**DATA SHOWN**:
= Beginning of Section =
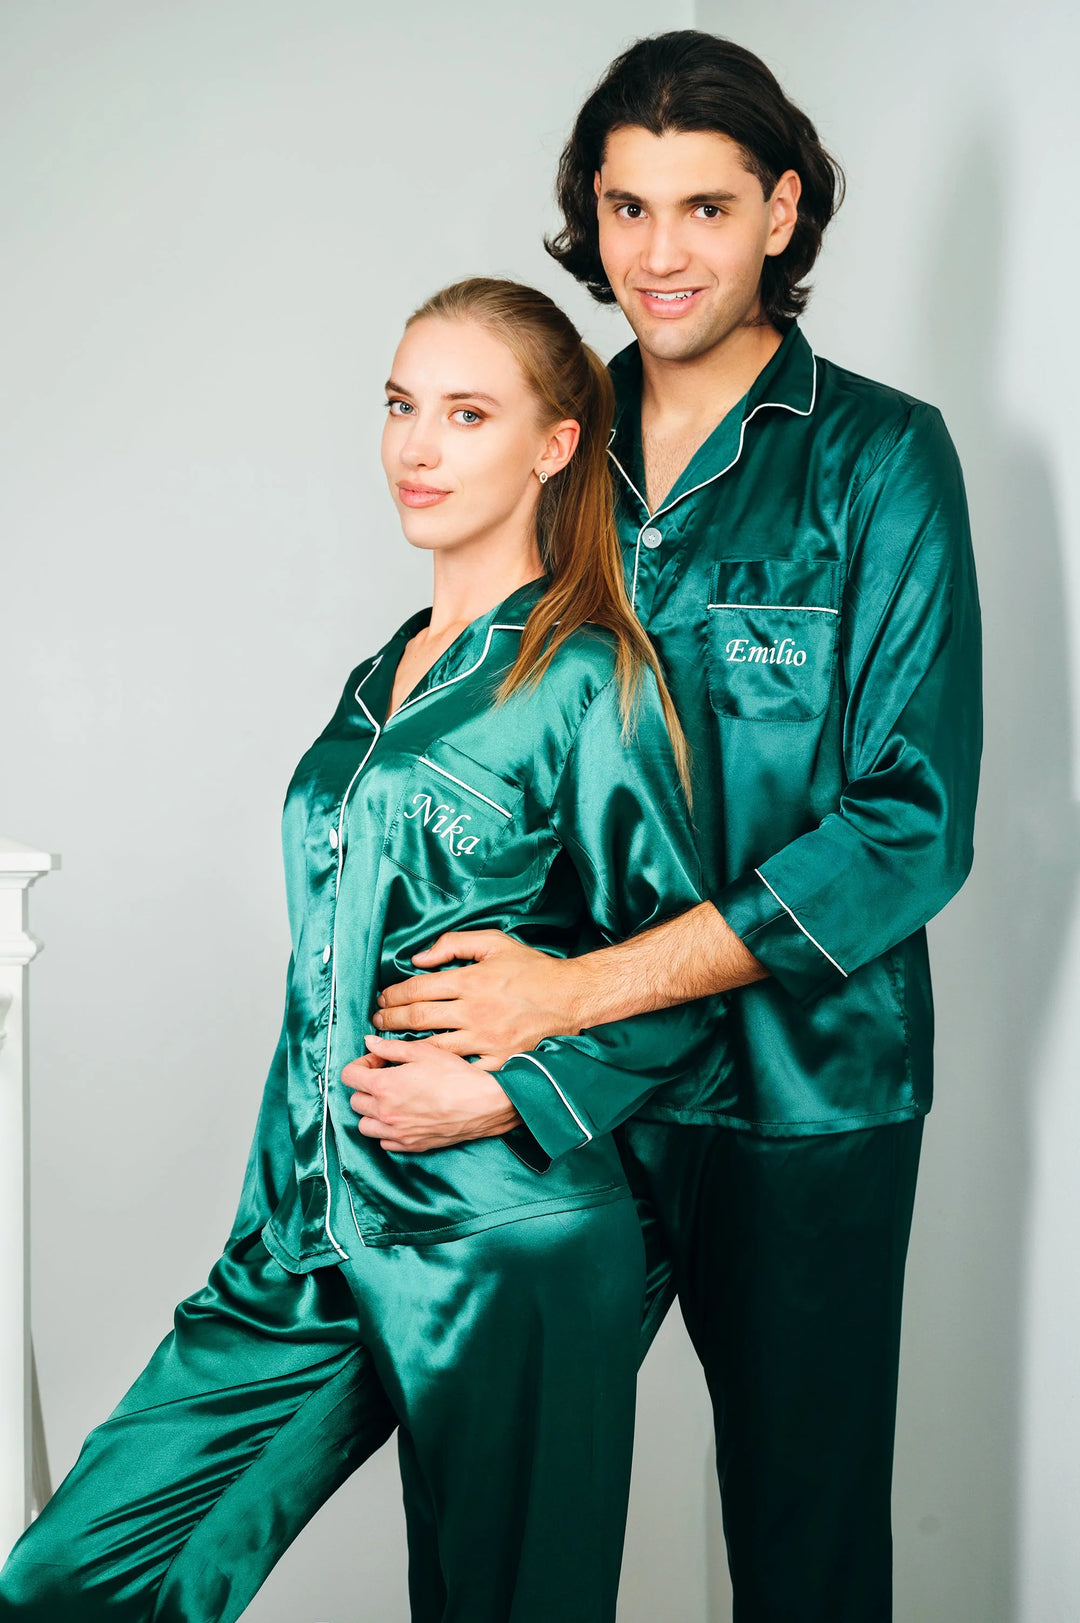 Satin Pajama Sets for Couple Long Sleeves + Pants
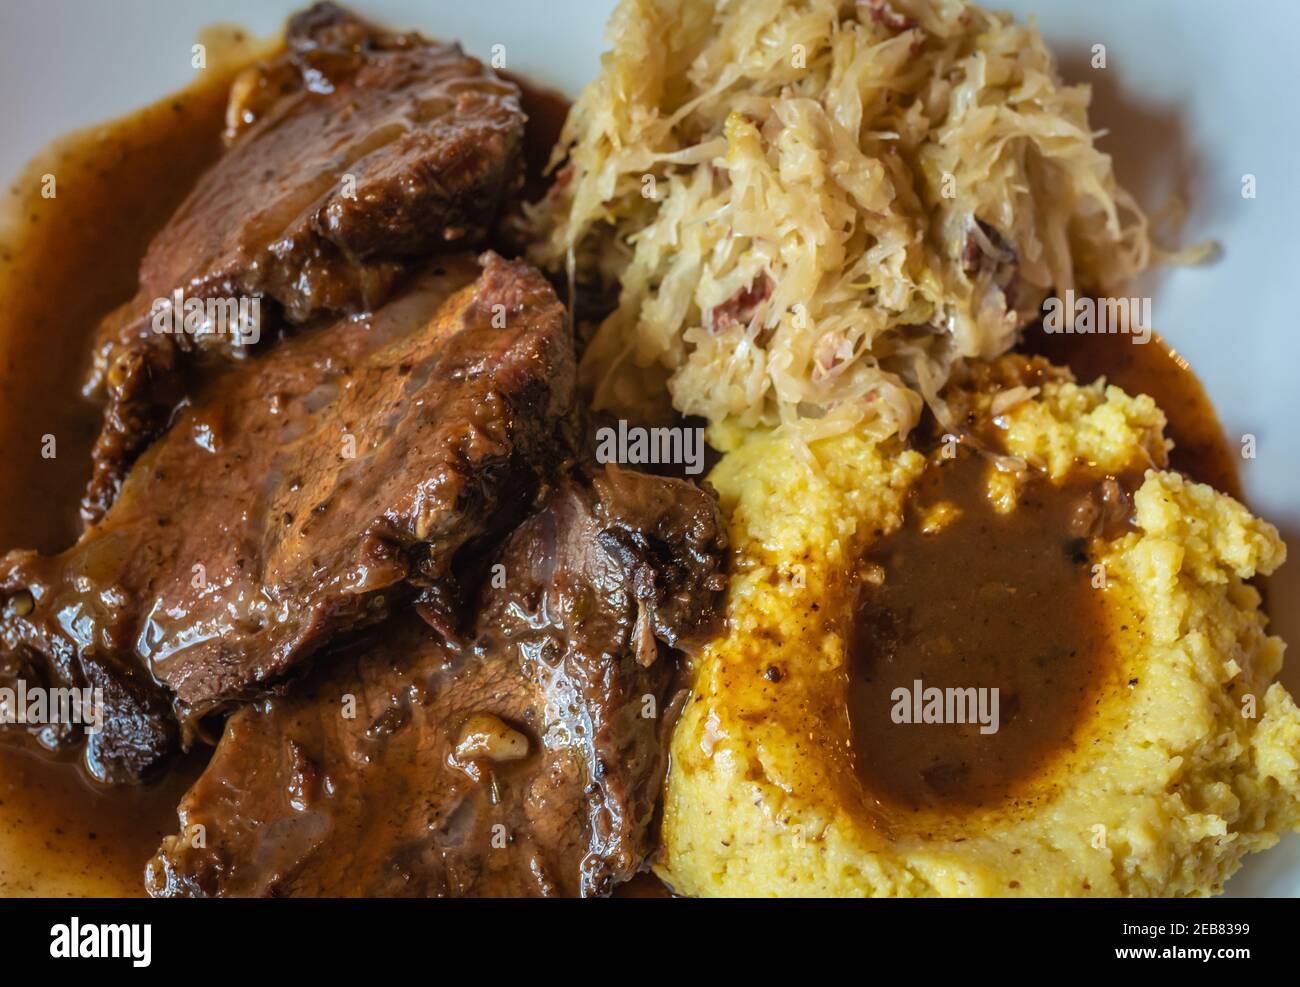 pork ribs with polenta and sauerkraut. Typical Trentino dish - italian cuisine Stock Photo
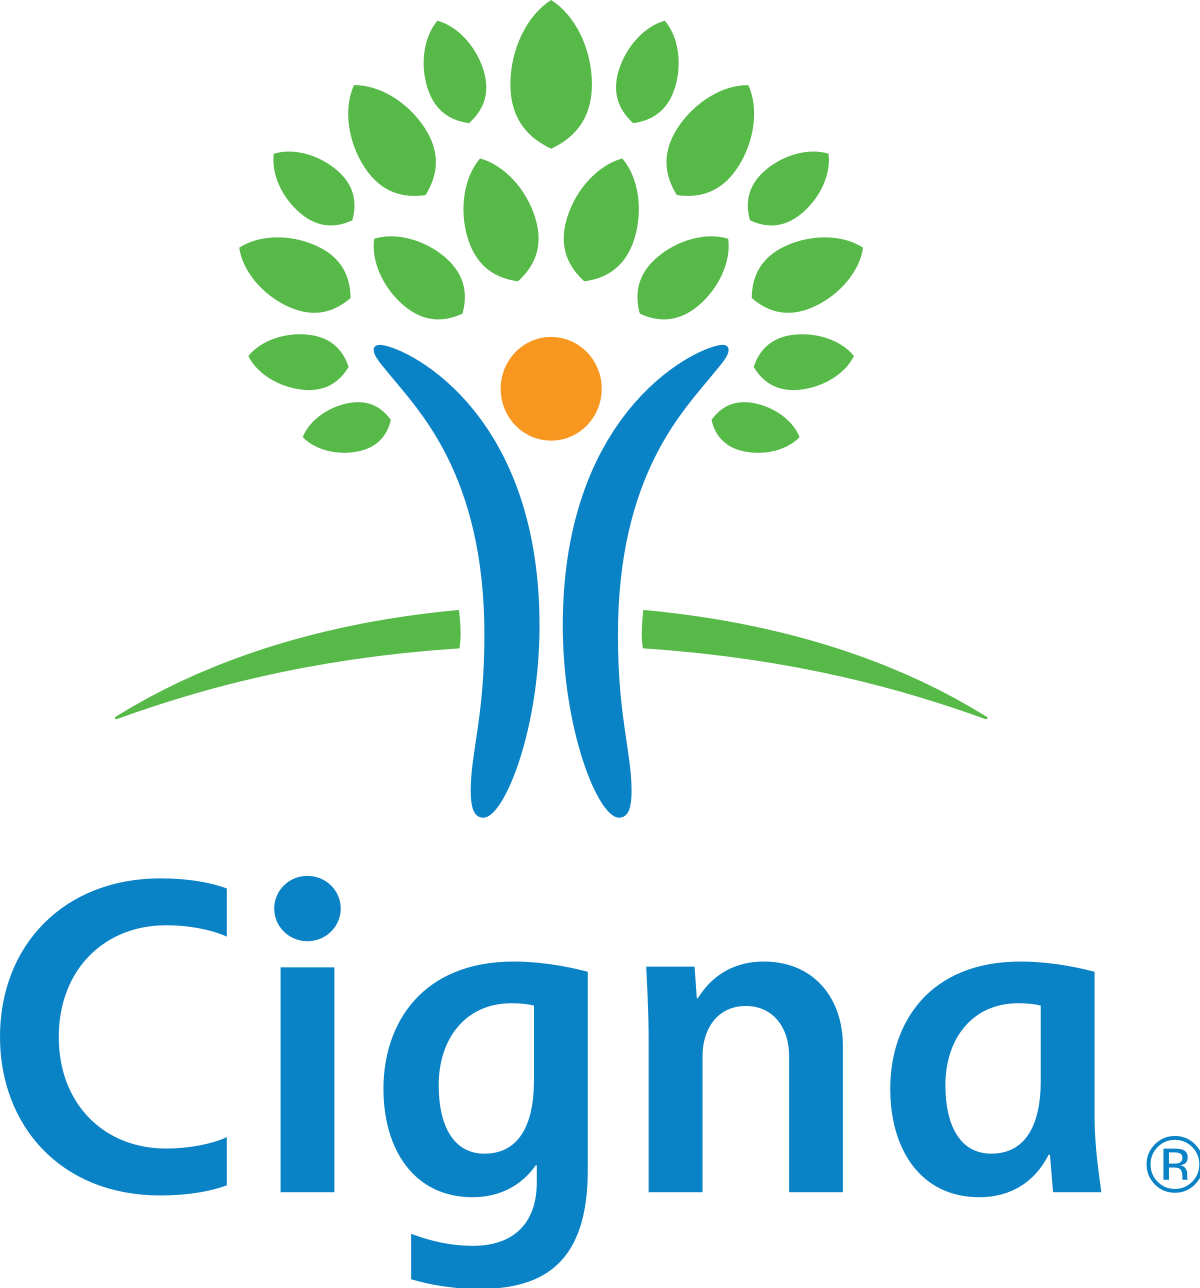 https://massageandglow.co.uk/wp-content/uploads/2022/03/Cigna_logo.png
= End of Section =
**WHAT THE TASK REQUIRES**: Apart from its pictures, the material above should be repeated exactly.

**PROBLEM SOLUTION**:
 Satin Pajama Sets for Couple Long Sleeves + Pants
 pork ribs with polenta and sauerkraut. Typical Trentino dish - italian cuisine Stock Photo
 https://massageandglow.co.uk/wp-content/uploads/2022/03/Cigna_logo.png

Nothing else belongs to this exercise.